RE: Comments on draft-yergeau-rfc2279bis-00.txt from Mark Davis on 2002-10-04 (ietf-charsets@w3.org from October to December 2002)

From: Mark Davis <mark.davis@us.ibm.com>
Date: Fri, 04 Oct 2002 13:30:59 -0700
To: Francois Yergeau <FYergeau@alis.com>
Cc: ietf-charsets@iana.org
Message-id: <OF1240553F.BCB87626-ON88256C48.00704EEC@us.ibm.com>
I agree with François on these matters. As with UTF-16, we can encourage
protocol writers to always include robust character-encoding declarations,
and in those circumstances discourage the use of BOM. But as a practical
matter, we do have to recognize that BOMs will exist and will be
transmitted, so we have to give guidance in the recognition and proper
handling of them.

Side issue: I want to change the address used for me on this list (to
mark.davis@jtcsv.com). Can someone point me to the instructions for doing
that?

Mark
___
mark.davis@us.ibm.com
IBM, MS 50-2/B11, 5600 Cottle Rd, SJ CA 95193
(408) 256-3148
fax: (408) 256-0799



                                                                                                                                 
                      Francois Yergeau                                                                                           
                      <FYergeau@alis.co        To:       ietf-charsets@iana.org                                                  
                      m>                       cc:                                                                               
                                               Subject:  RE: Comments on draft-yergeau-rfc2279bis-00.txt                         
                      2002.10.04 11:12                                                                                           
                                                                                                                                 
                                                                                                                                 



Hi Ira,

McDonald, Ira wrote:
> PS - Martin - I liked your wording - but I think we're still being
> way too permissive of BOM in Internet protocols transferring UTF-8.
> There is no sensible reason in an Internet protocol for UTF-8 to
> be transferred except as: (1) fixed UTF-8; or (2) labelled UTF-8.

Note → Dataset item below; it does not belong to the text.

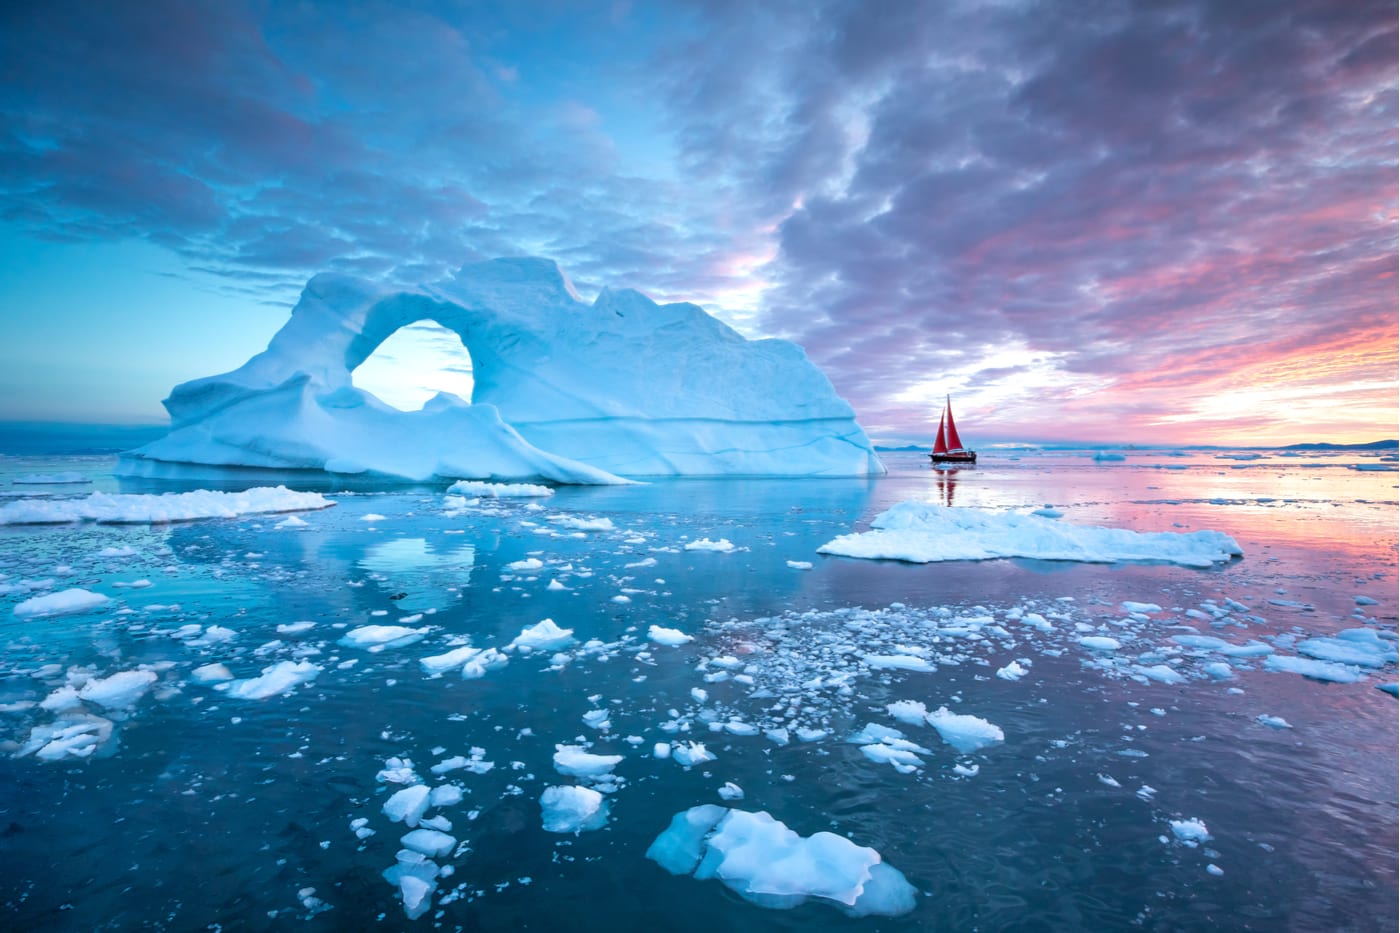 在格陵兰岛的冰山周围航行

In a dreamworld, that would be true.  For a reality check, you just have to
look at the myriads of HTTP servers where documents are deposited simply by
FTP or straight file system copy, with no indication of charset.  The
consequence is that a *huge* majority of all Web pages are served out with
either no charset parameter or a wrong one, in flagrant contradiction with
the HTTP spec.  Welcome to the real world, where things actually work
because browsers sniff inside the pages looking for a non-robust <meta>
element that was inserted when there was proper charset information
available.

> In neither case is leading BOM needed or appropriate.  (And I do
> not credit strict XML compatibility as a "sensible reason").

XML compatibility does not require a BOM in UTF-8.

> > The optional use of leading BOM in UTF-8 (as
> > I know Martin said) destroys the crucial property that US-ASCII
> > is a perfect subset of UTF-8 and that US-ASCII can pass _without
> > harm_ through UTF-8 handling software libraries.
>
> This totally clashes with my understanding.  Can you please
> explain how the
> existence of the BOM convention in UTF-8 changes anything to the
> interpretation of US-ASCII strings that by definition never
> contain a BOM?
>
> <ira> If UTF-8 handling software in Internet protocol implementations
> (which should be the ONLY scope of RFC 2279bis) is allowed to
> gratuitously
> insert a leading BOM - for example, to make sure a (fragile) charset
> 'signature' is present in the message or protocol element - then the
> perfectly valid original US-ASCII string (for example an IDENTIFIER)
> is ruined - this is not hypothetical - I've seen it happen.
> </ira>

That much is true, but is not the same as what you said before.  US-ASCII
certainly is a proper subset of UTF-8 and UTF-8 handling software can
certainly deal with any US-ASCII string.  It should come as no surprise,
though, that *ASCII* software cannot deal properly with a BOM-bearing ASCII
string (or any other UTF-8 string, or a string in any other charset).  But
ASCII-only software is not what we're dealing with here, this is about
UTF-8.

> <ira> But the IETF doesn't care about filesystem metadata
> problems.  Those
> are the domain of POSIX, or Linux, or somebody else.  RFC
> 2279bis should
> focus on acceptable usage of UTF-8 in Internet protocols - period.
> </ira>

The IETF does care, I believe, about interoperability.  Internet protocols
do not exist in a vacuum, they interact with people and their computers and
their design should (and generally do) take that into account.

It would be unwise, IMHO, to ban the BOM outright everywhere.  Martin has
already suggested a distinction between larger pieces of text ('entities',
just the kind of thing that is likely to be saved in a file system) and
smaller protocol elements.  I have also suggested that individual protocols
should decide where to ban and where to allow BOMs; the spec on UTF-8
itself
should merely offer guidance on that.

Regards,

--
François
Received on Friday, 4 October 2002 16:32:26 UTC